To get molecular descriptors from RDKit, we import the Descriptors
module.
from rdkit.Chem import Descriptors
Some molecular descriptors we might be interested in are:
Heavy Atom Count (
HeavyAtomCount
)Number of hydrogen bond acceptrs (
NumHAcceptors
)Number of hydrogen bond donors (
NumHDonors
)Number of valence electrons (
NumValenceElectrons
)Molecular weight (
MolWt
)Number of aromatic rings (
NumAromaticRings
) And many others!
To get the descritpor you’re interested in, the syntax is
Descriptors.DescriptorName(molecule_variable)
print("Printing info for benzene:")
print(f"The molecular weight is {Descriptors.MolWt(benzene)}")
print(f"The number of aromatic rings is {Descriptors.NumAromaticRings(benzene)}")
Printing info for benzene:
The molecular weight is 78.11399999999999
The number of aromatic rings is 1
Stereochemistry#
# Can tell us how many stereocenters
Chem.rdMolDescriptors.CalcNumAtomStereoCenters(phenylalanine)
1
# Can tell us the atom number and the orientation
print(Chem.FindMolChiralCenters(phenylalanine, includeUnassigned=True))
print(Chem.FindMolChiralCenters(l_phenylalanine, includeUnassigned=True))
[(7, '?')]
[(7, 'S')]
# Can generate stereoisomers
from rdkit.Chem.EnumerateStereoisomers import EnumerateStereoisomers, StereoEnumerationOptions
stereo = list(EnumerateStereoisomers(phenylalanine))
print(f"Generated {len(stereo)} stereoisomers.")
Generated 2 stereoisomers.
stereo[0]
stereo[1]
Substructure Search#
RDKit can do a lot that is beyond the scope of this workshop, including calculating molecular fingerprints, similarity scores, and chemical reactions. One thing you can do are substructure searches. You can identify when molecules contain other molecules.
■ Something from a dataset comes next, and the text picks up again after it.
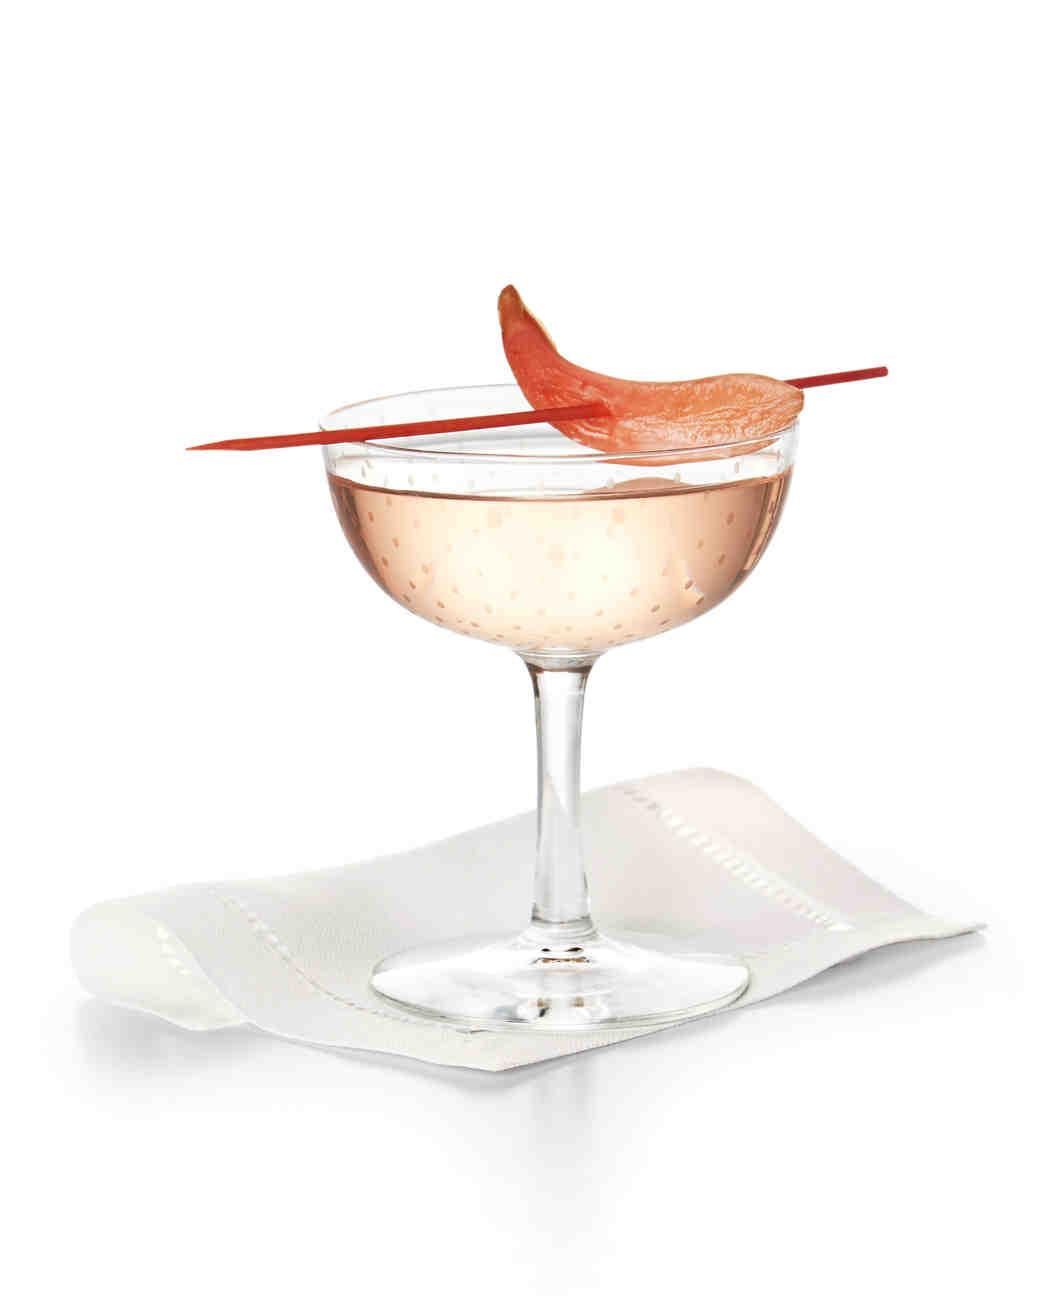 cocktail-080-mwd110795.jpg

Let’s try this with benzene and phenylalanine.
matches = phenylalanine.GetSubstructMatches(benzene)
phenylalanine
The returned value is a tuple of atom indices which represent the match(es) found.
matches
((0, 1, 2, 3, 4, 5),)
Exercise
Buckminsterfullerene, with chemical formula C60, is made up entirely of five membered and six-membered rings.
For this exercise, you should
Create a molecule representing buckminsterfullerene (Find the SMILES on PubChem).
Perform a substructure search to find the number of benzenes in the molecule.
Calculate the number of aromatic bonds.